A scientist from the University of the West of England has been awarded a grant of almost £25,000 from Bowel Cancer UK to understand why some patients with rectal cancer don’t respond well to certain treatments and look for new ways to improve its chance of success.
Dr Alex Greenhough will be studying proteins that are found in bowel cancer cells to find out if they affect how patients respond to chemotherapy and radiotherapy. In collaboration with Mr Adam Chambers and Prof Ann Williams from the University of Bristol, they hope to discover how subtle differences in these proteins might help them to which patients will respond best to this type of treatment.
Knowing which patients are likely to respond well to chemotherapy and radiotherapy means this treatment can be offered to those who would most benefit from it.
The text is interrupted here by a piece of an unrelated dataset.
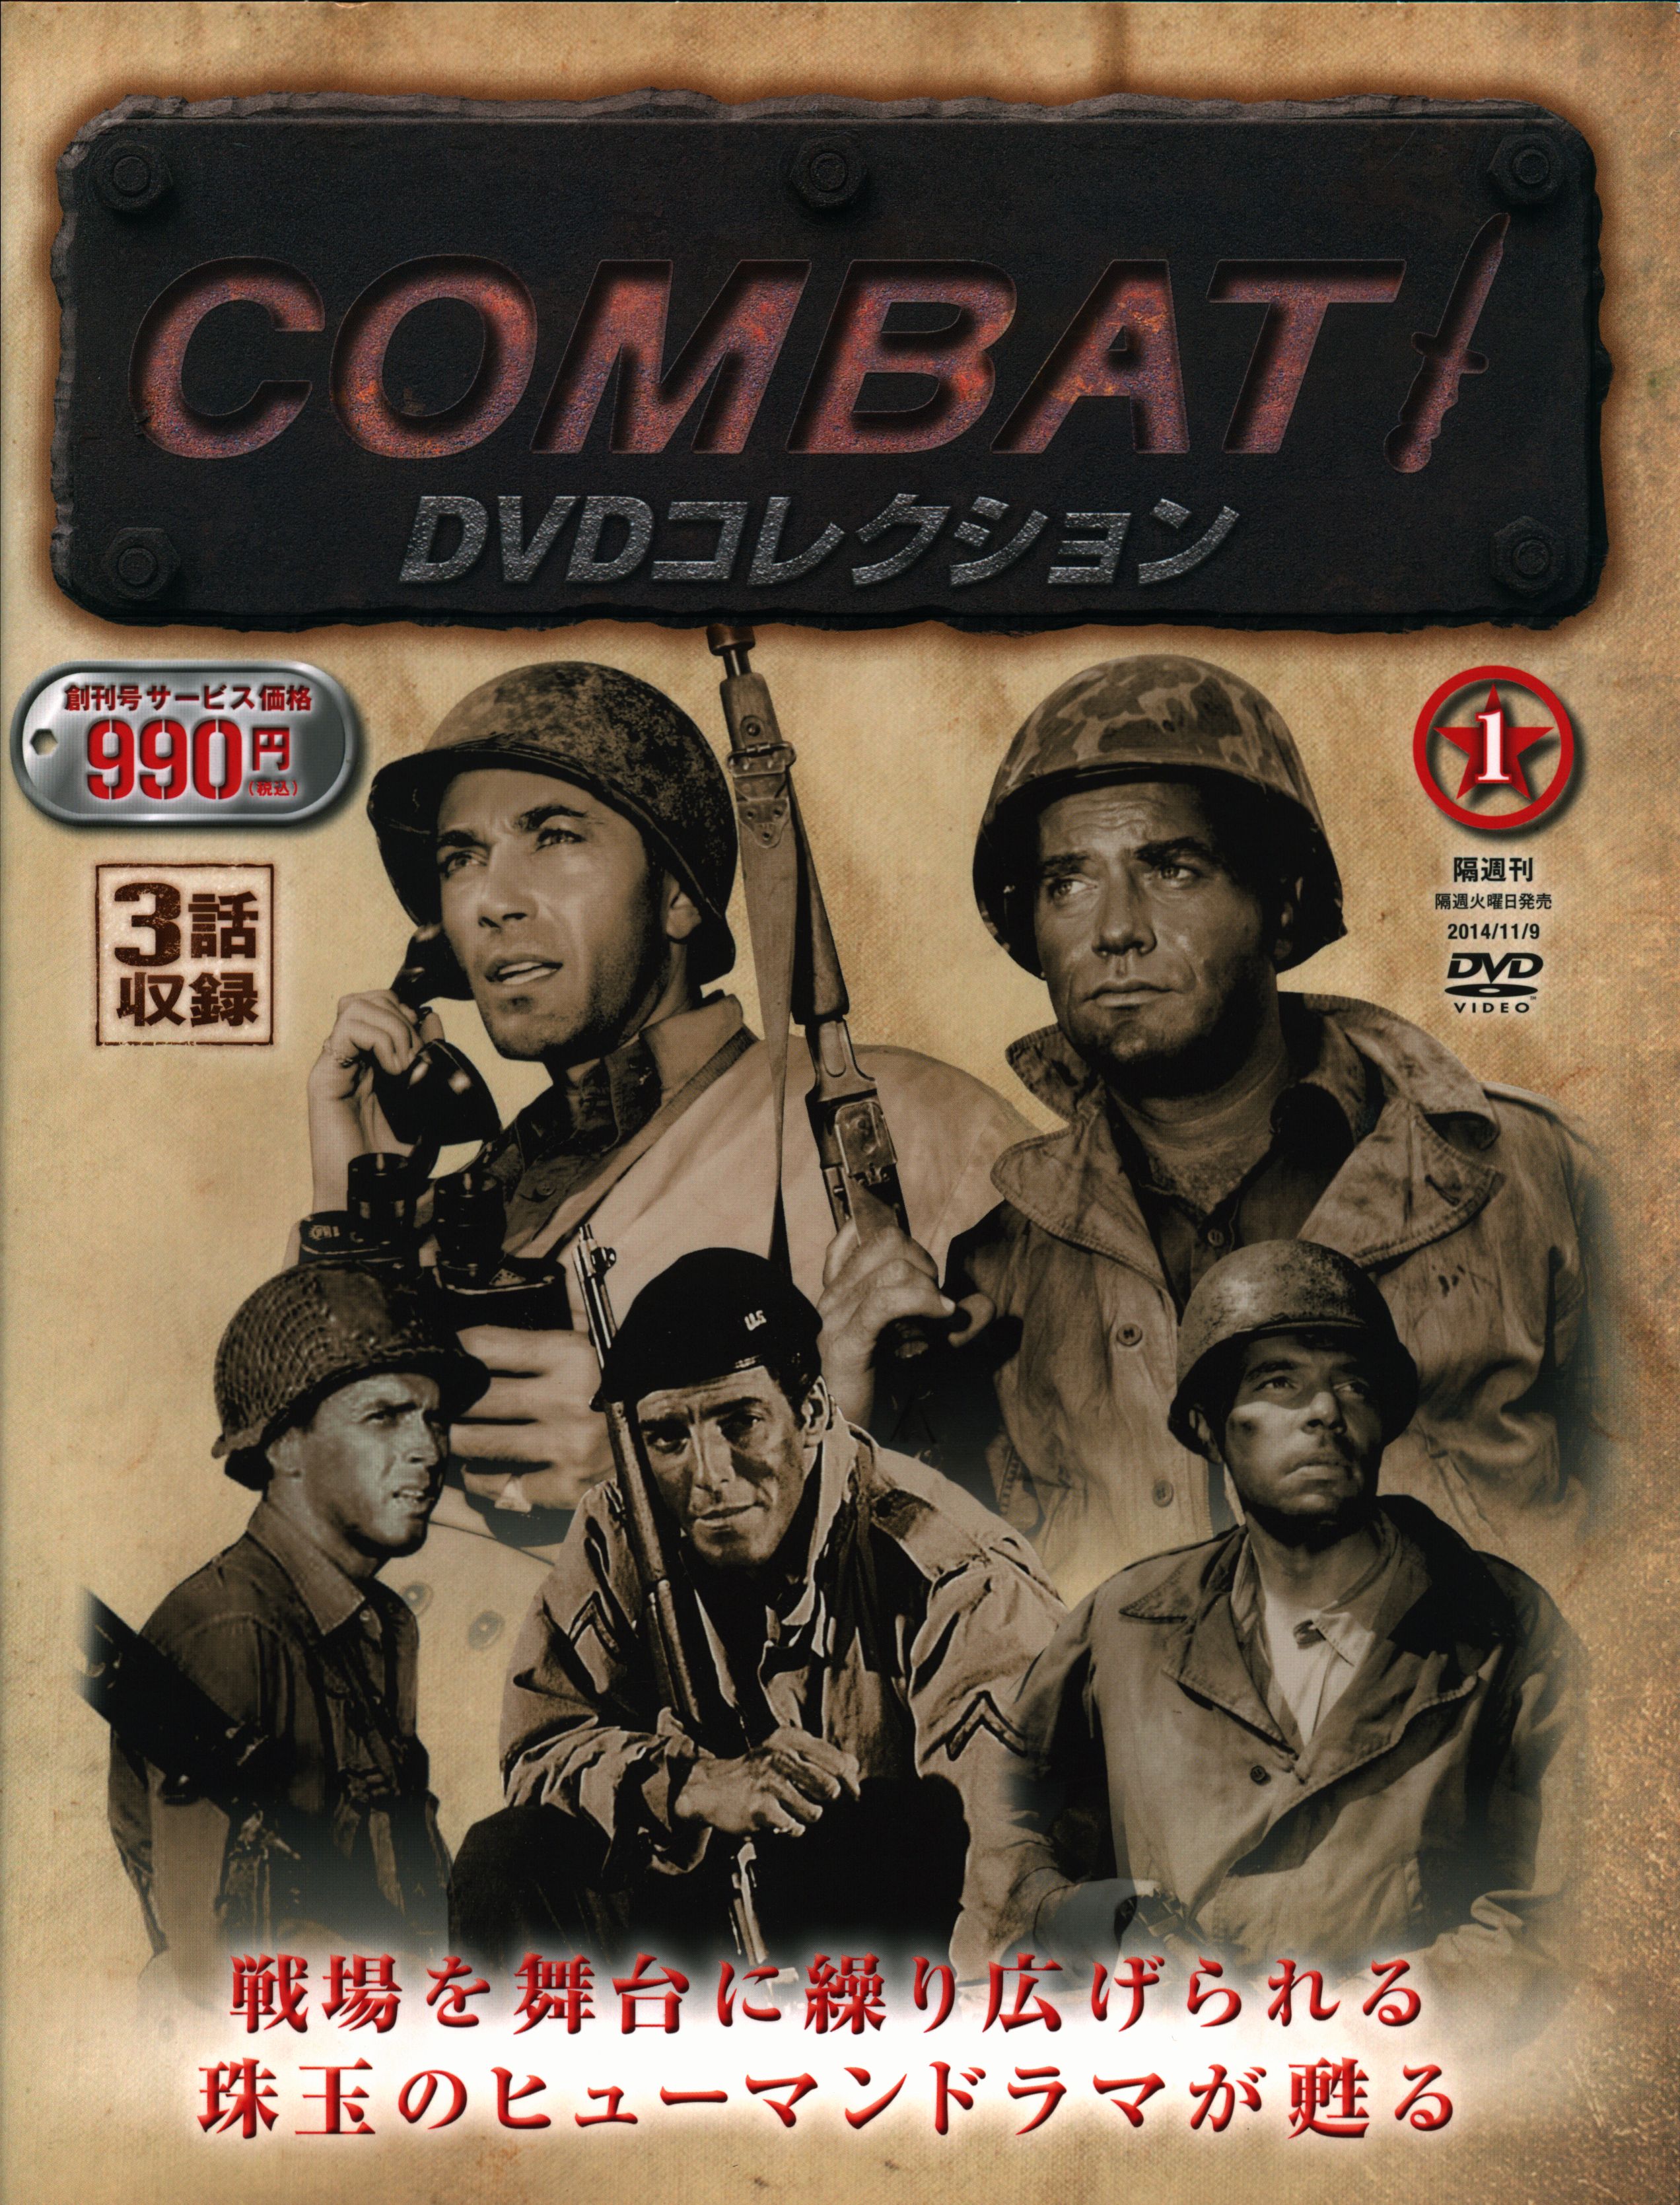 COMBAT コンバットDVDコレクション全50巻+1 - 外国映画

Most importantly, patients will be spared from the side effects of a treatment that simply won’t work for them.
This award is part of Bowel Cancer UK’s investment of over £1.3 million pounds to support research with the greatest benefits for those at risk and affected by the disease.
Bowel cancer is the second biggest cancer killer in the UK, however it shouldn’t be because it is treatable and curable especially if diagnosed early.
Dr Alex Greenhough at the University of the West of England, says: “We are incredibly grateful for this funding from Bowel Cancer UK, which will give us a fantastic opportunity to make important progress towards better understanding patient responses to chemoradiotherapy and ultimately improve clinical outcomes.”
Dr Lisa Wilde, Director of Research and External Affairs at Bowel Cancer UK, says: “We are delighted to invest in Dr Greenhough’s research. This important work will support our commitment to invest in high quality, innovative and creative solutions to help lead a step change in the number of people surviving bowel cancer.”